▶ [INSTRUCTIONS FOR THE TASK]: Whenever a picture appears, leave it out while repeating all the other data exactly.

*** RAW DATA ***

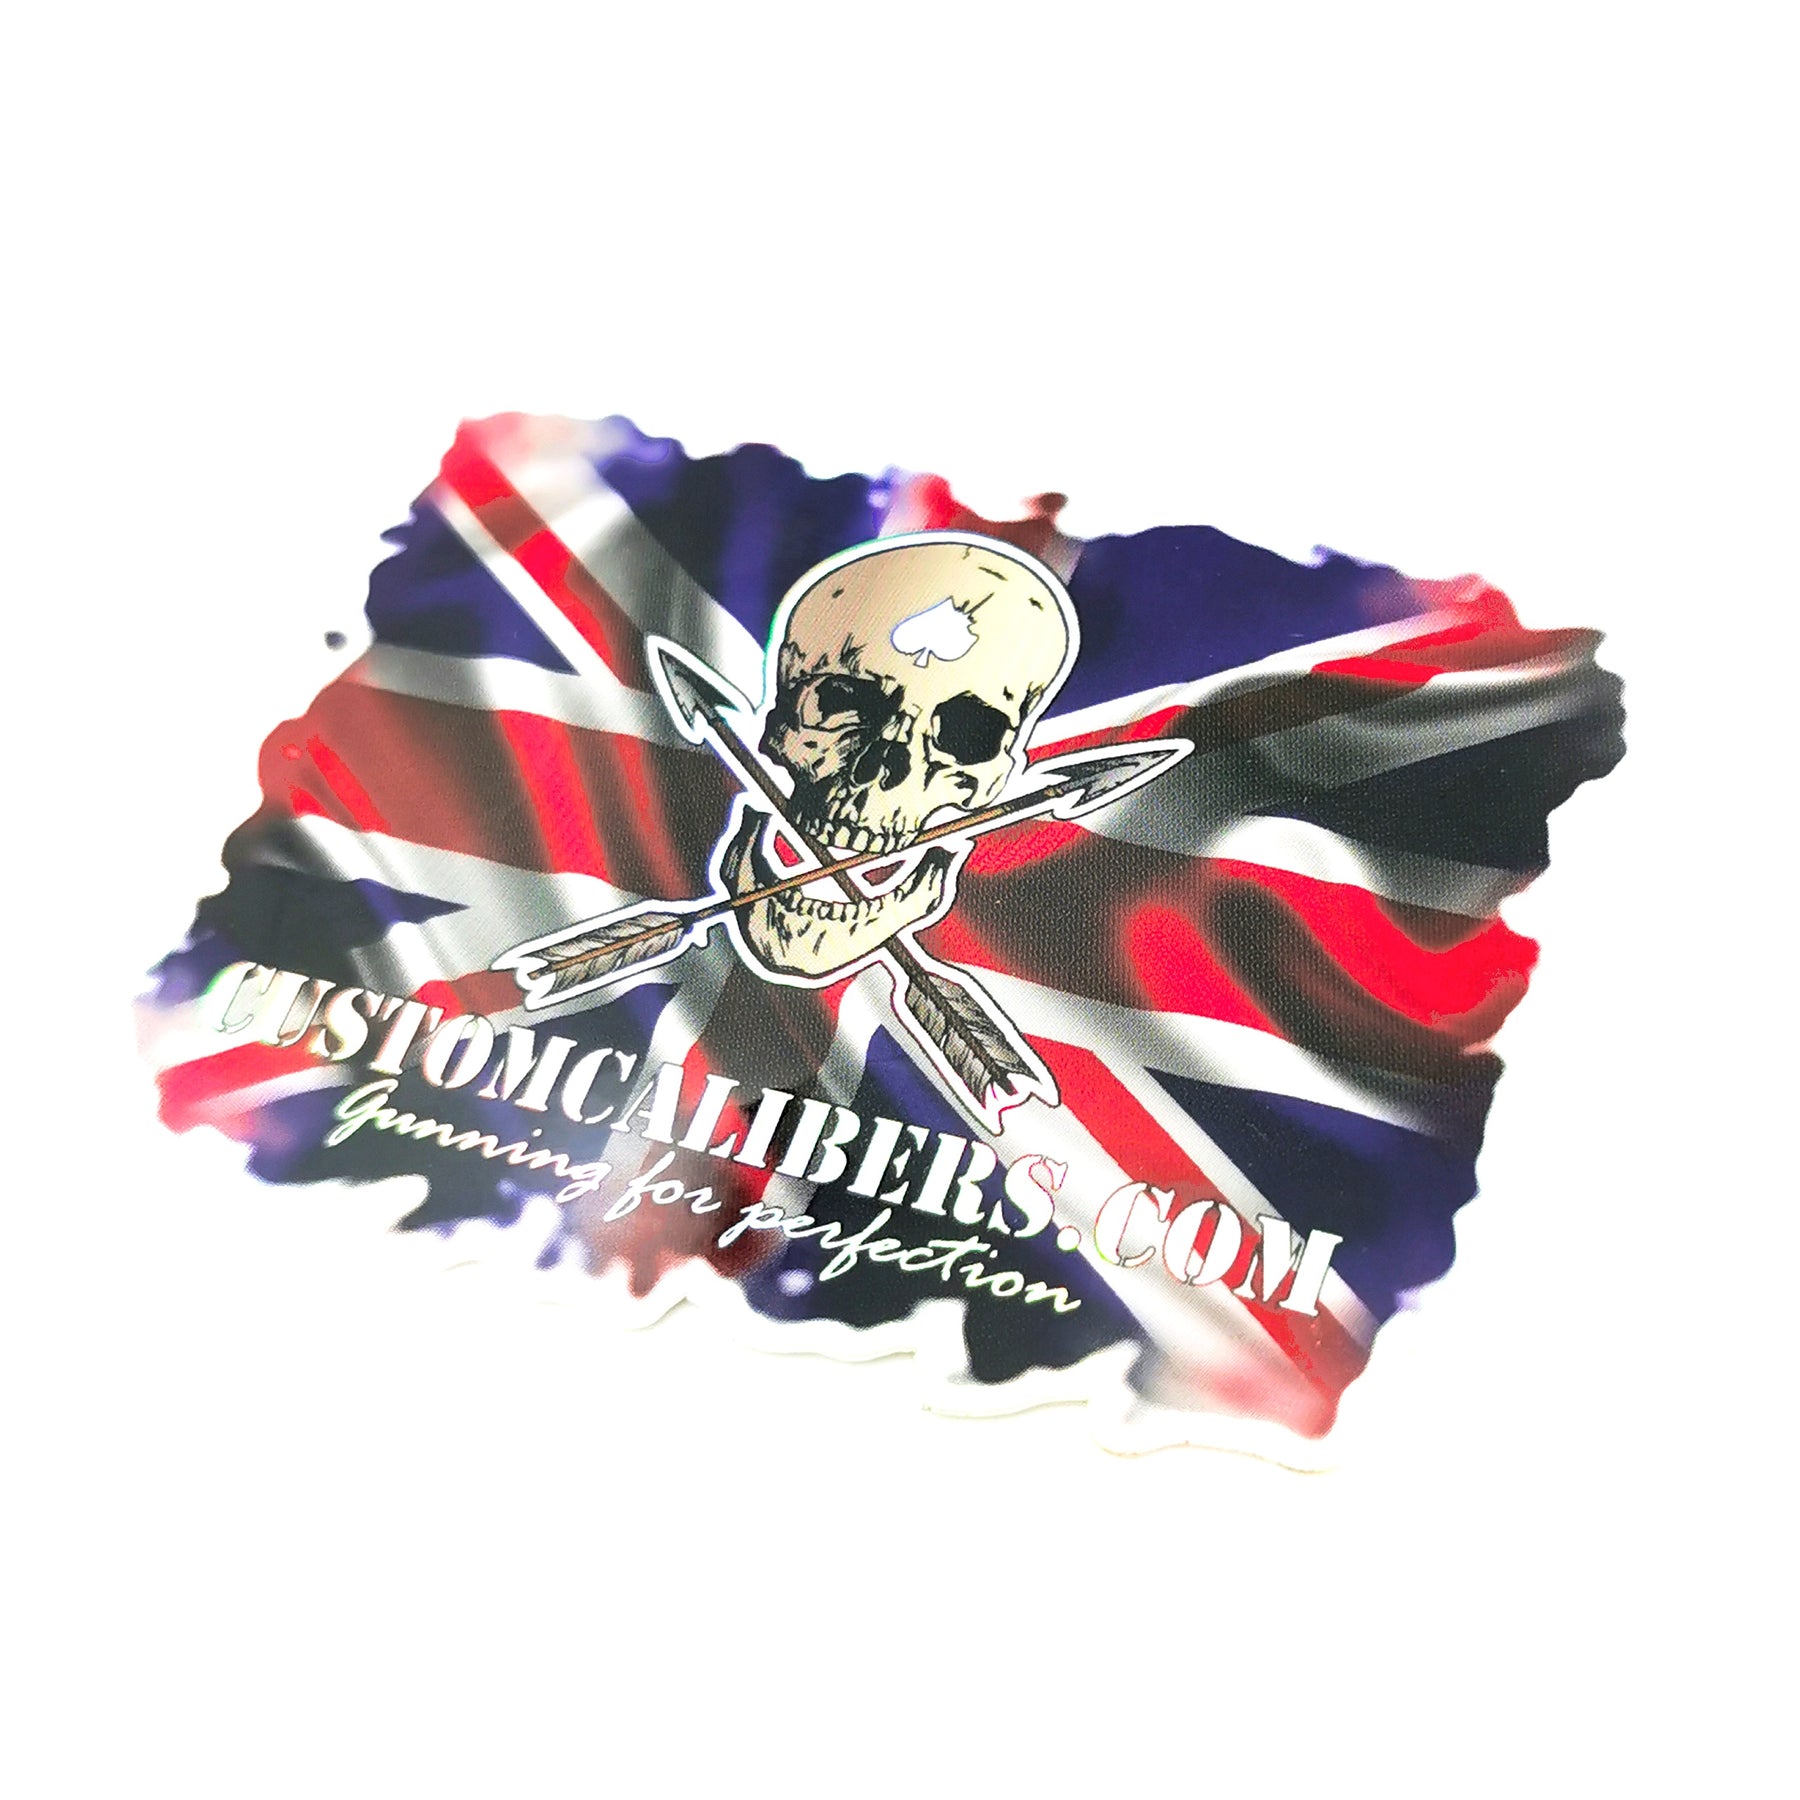 Union Jack Skull sticker
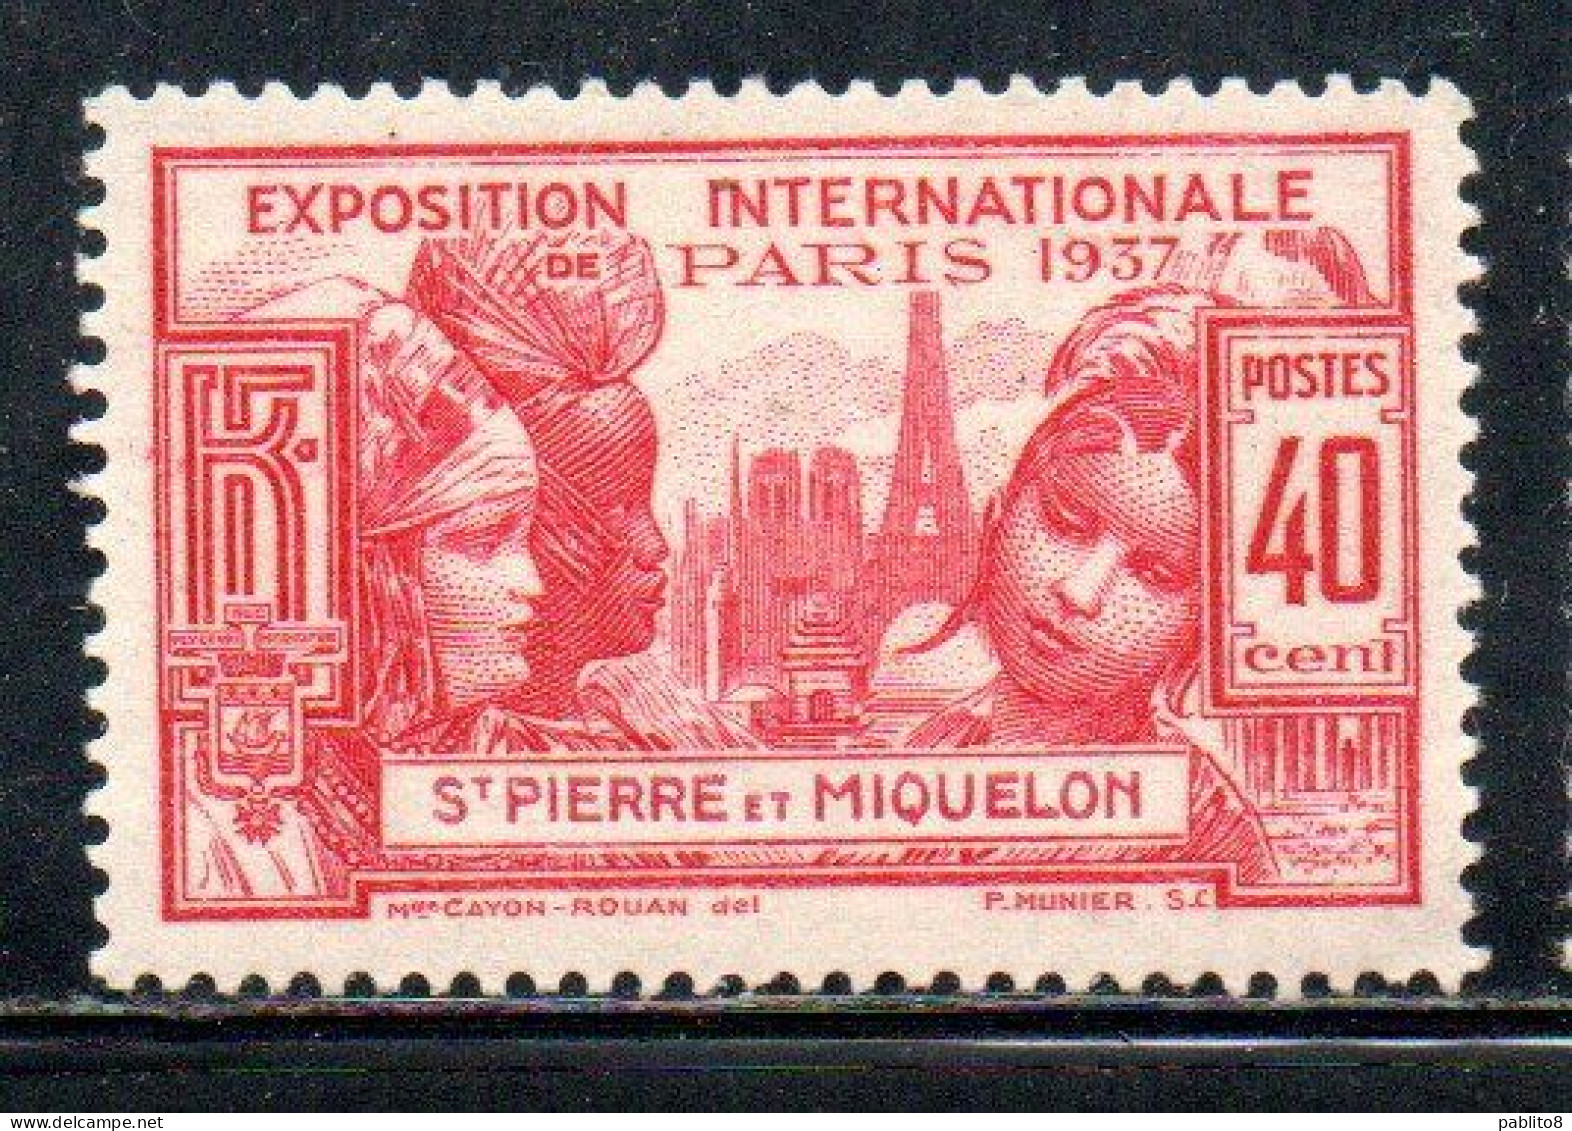 ST. SAINT PIERRE AND ET MIQUELON 1937 PARIS INTERNATIONAL EXPOSITION ISSUE 40c MLH - Ungebraucht
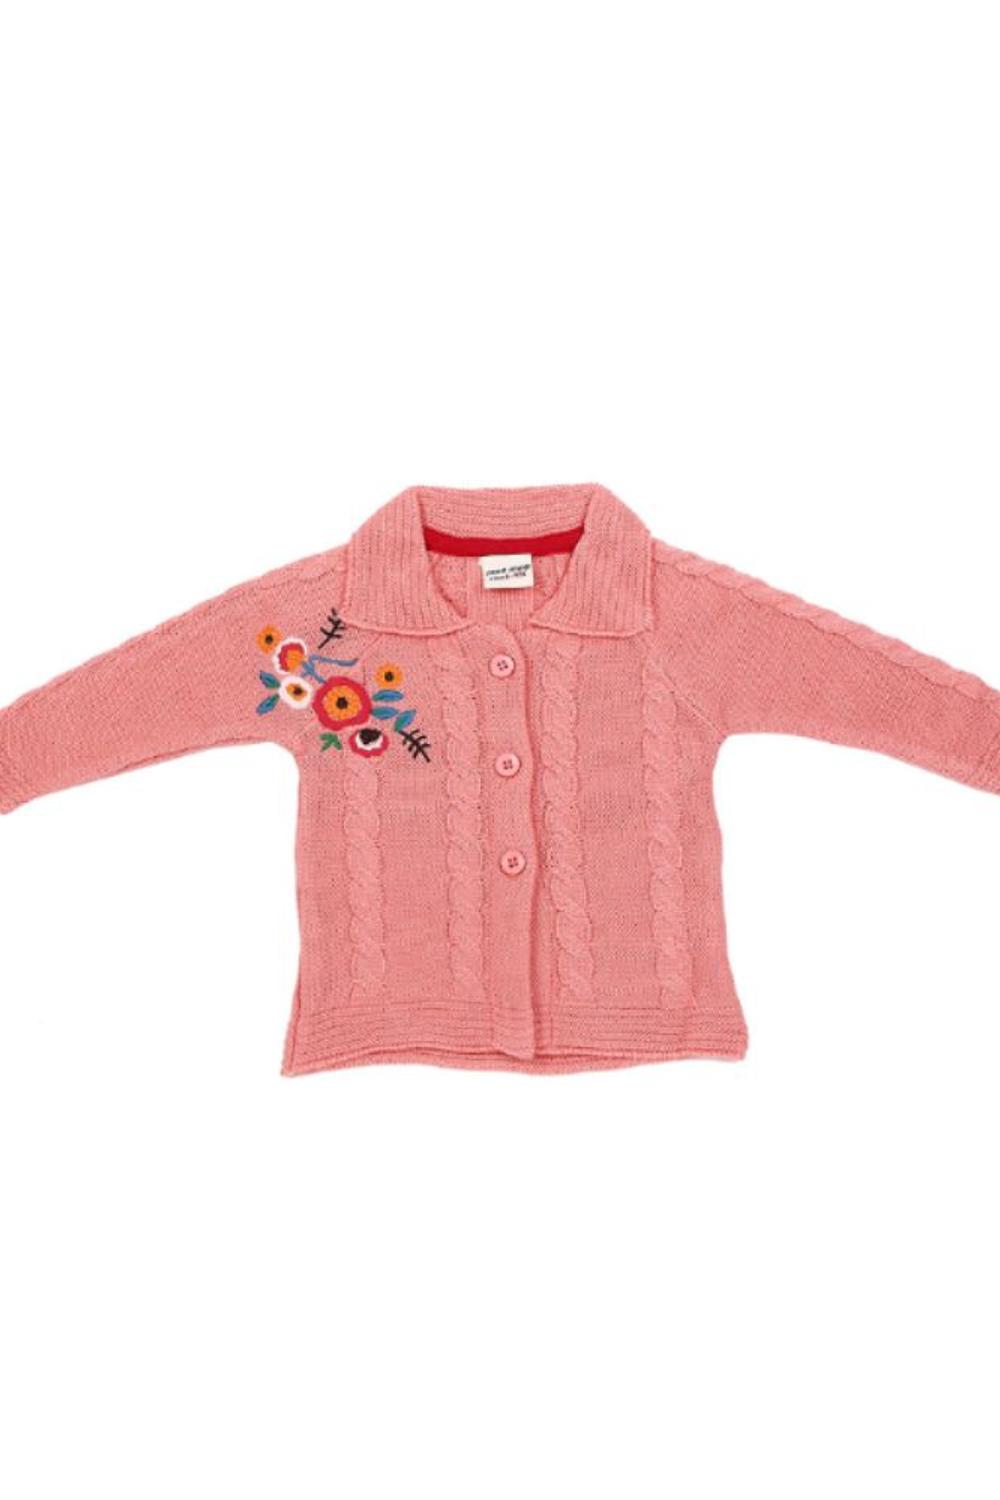 Mee Mee Girls Full sleeve Sweater - Baby Pink

*** End of RAW DATA ***

▶ [RESULT BELOW]:
 Union Jack Skull sticker
 ST. SAINT PIERRE AND ET MIQUELON 1937 PARIS INTERNATIONAL EXPOSITION ISSUE 40c MLH - Ungebraucht
 Mee Mee Girls Full sleeve Sweater - Baby Pink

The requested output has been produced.